Introduction:
The first three weeks you have made a complete overview of your work environment with all your interactions, tasks and even have thought about potential nature based solutions. To support you in your dynamic and complex work environment, a tool used in Lean management will be given this week. It should help you to have some structure and give you a clear overview of all the tasks to do, you are doing and you have done. The concept we are going to use is called Kanban.
In the fourth week of the BiTL course, information about how to create and use the Kanban concept, will be given to you this week by an instruction video and some supporting text.
It will definitely help you clear your head and organize all the tasks you have to do!
Supporting Knowledge:
Kanban means billboard or signboard in Japanese, and that’s basically the core of the Kanban concept. By using the concept, tasks will be visualized, structured and maybe most important prioritized.
In the video below, a brief explanation of the concept Kanban is given.
As you have seen in the video, the Kanban concept is very useful for someone like you, with all the tasks you have to do. Remember that this is a Pull based concept! The clients demand is the trigger for the process.
Besides the information in the video, Kanban is a bit more.
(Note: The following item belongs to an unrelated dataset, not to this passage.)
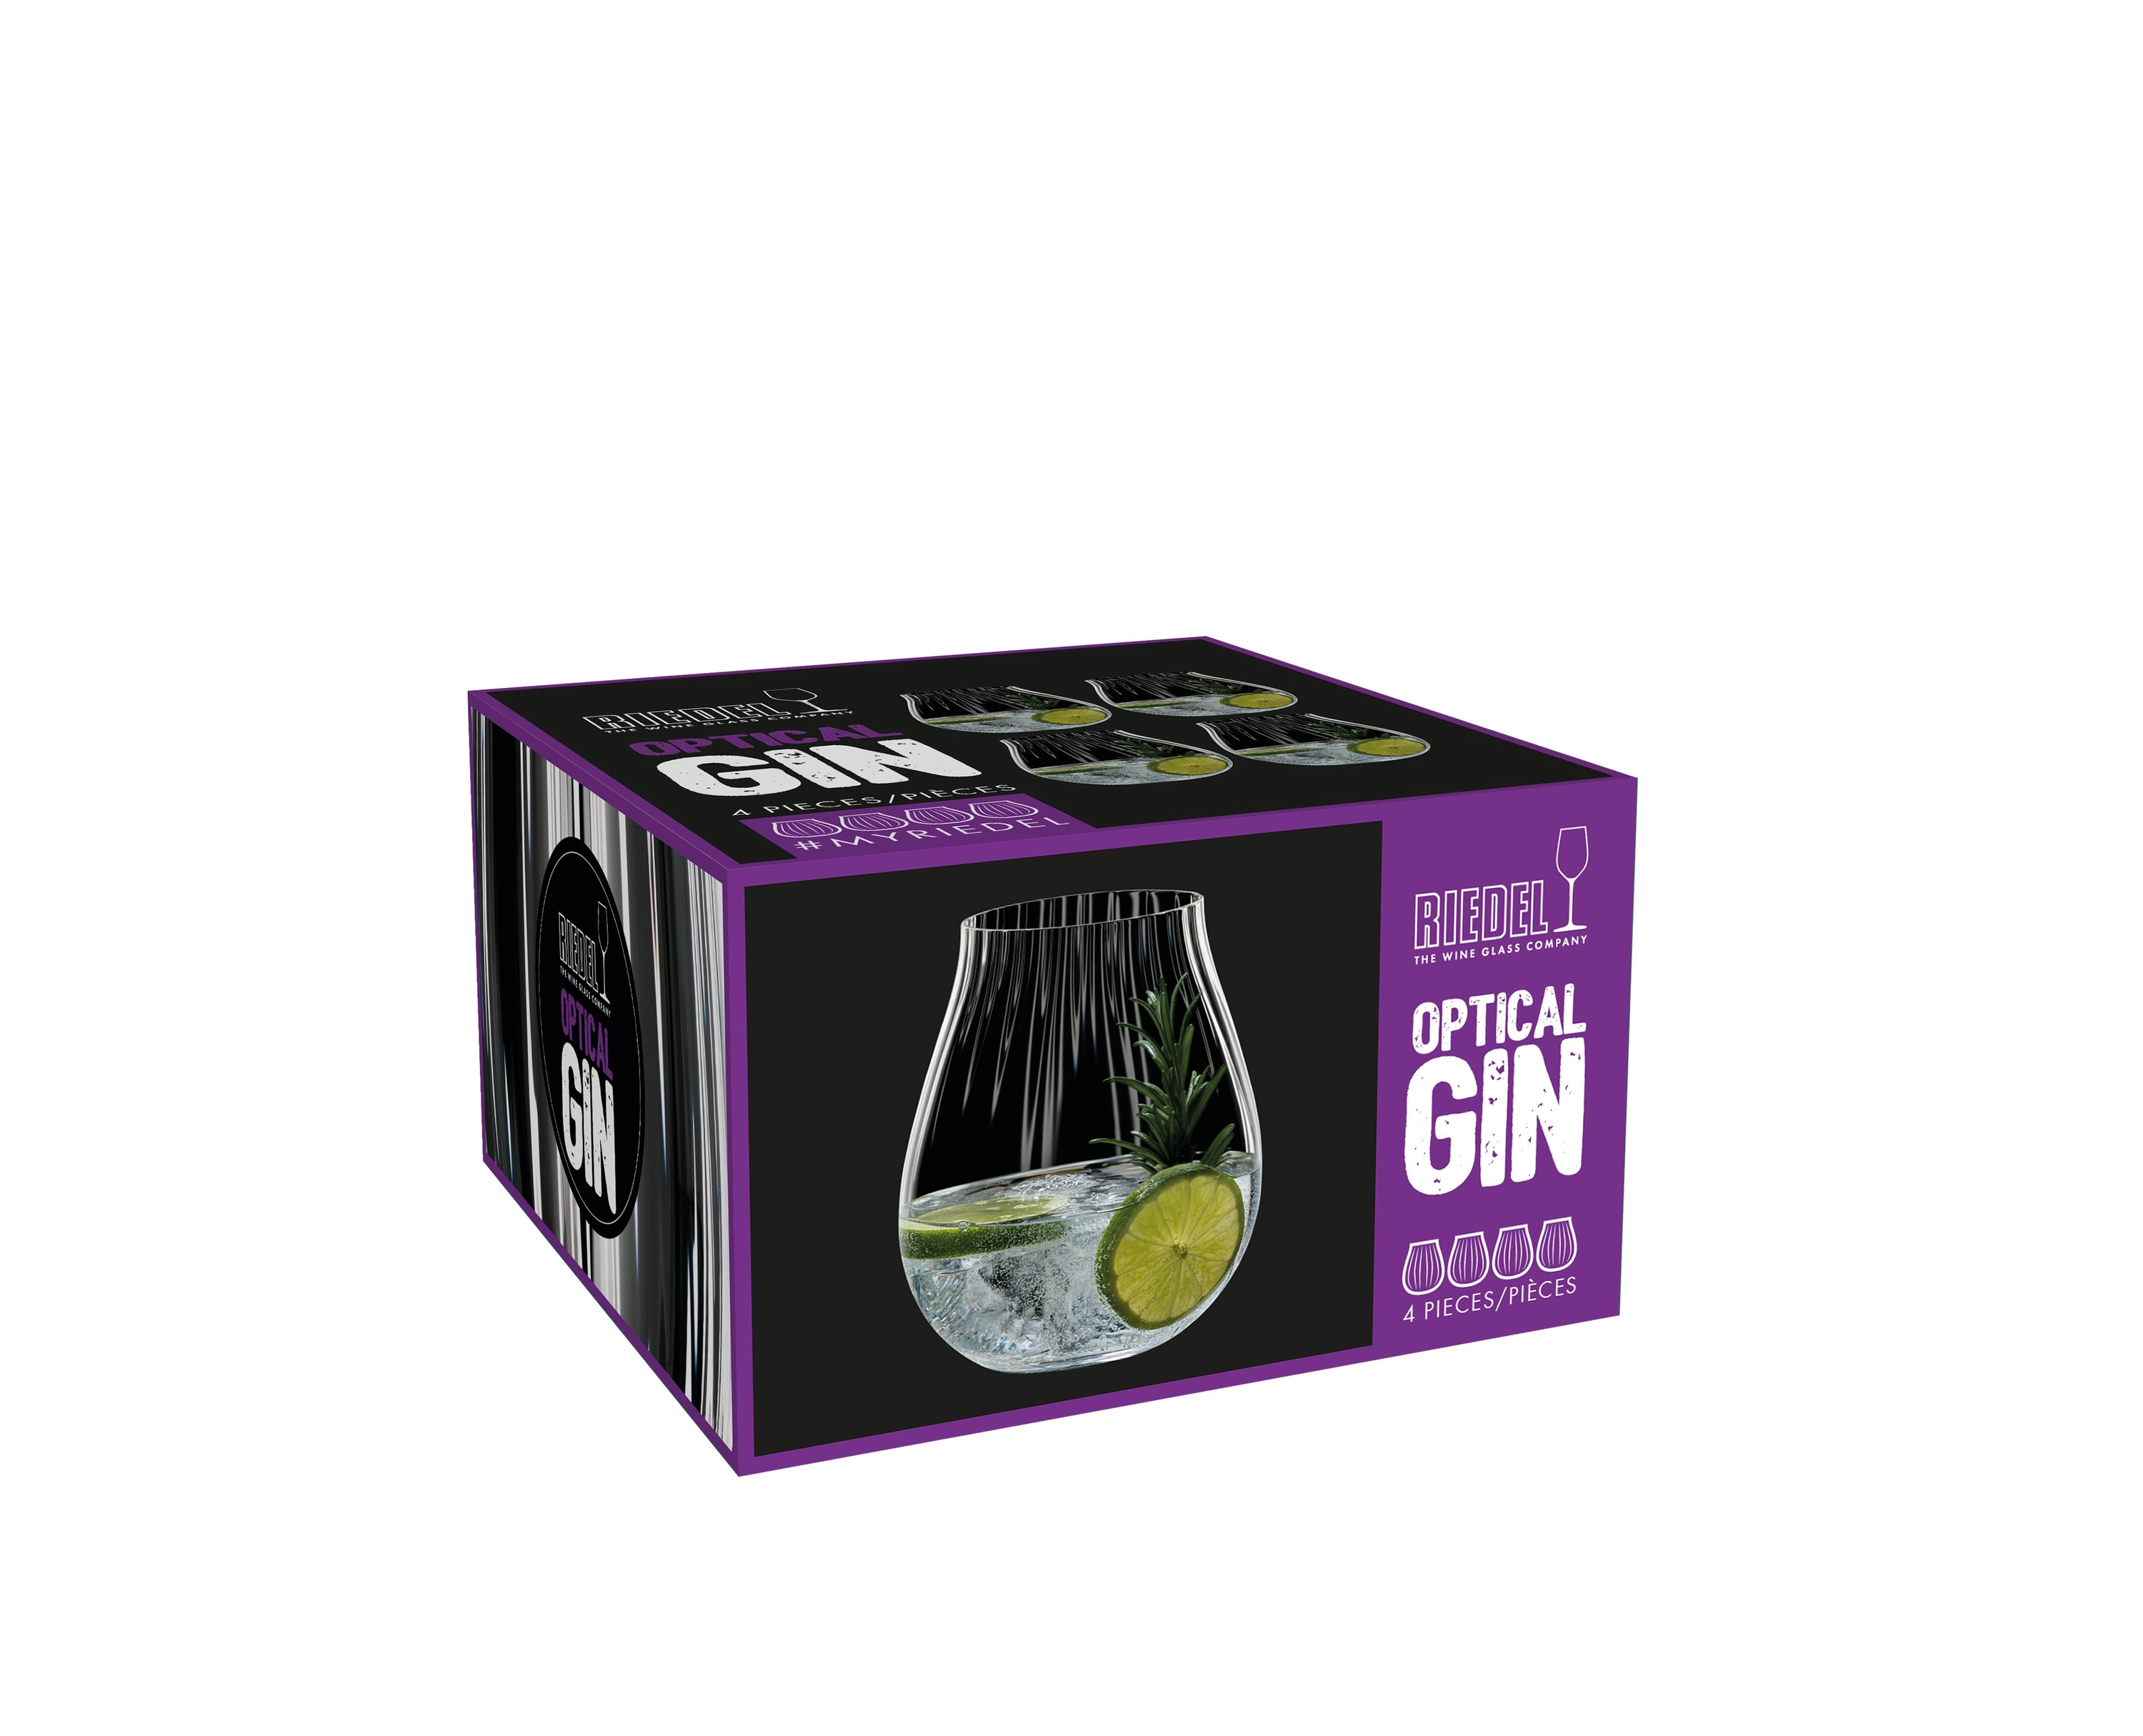 Riedel Gin set optical, Set of 4 pieces

Next 5 points will give you the necessary knowledge to start and especially continue with implementing your own Kanban concept in your own work environment.
- Visualize!
Try to visualize as much as possible. What are the tasks, when finished, who’s responsible, etc. But keep it structured! - Limit the amount of tasks in progress.
As mentioned before, it is a pull based concept. Make sure to finish the work in progress first, before adding new tasks. - Manage the flow of the process.
Make sure that the tasks move smooth and continuously through the Kanban. The shorter the time of ‘Work in progress’ the faster the specific demand is delivered. - Implement feedback loops.
Make sure that there are meetings monthly, weekly and daily! Make sure that the same subjects are being discussed on the same given moments. - Improve together and evolve experimentally!
The Kanban concept doesn’t have a clear end product, it is a way of working. Continuous improvement together and dare to experiment!
ASSIGNMENT
Use a blank piece of paper (A4) and draw or photoshop (or anything else to visualize) the current state of all your tasks in you work environment by using the kanban concept. Use the three columns To-do, Doing and Done and figure out where your bottlenecks in the process are! Too many tasks in total? Too many tasks at the same time?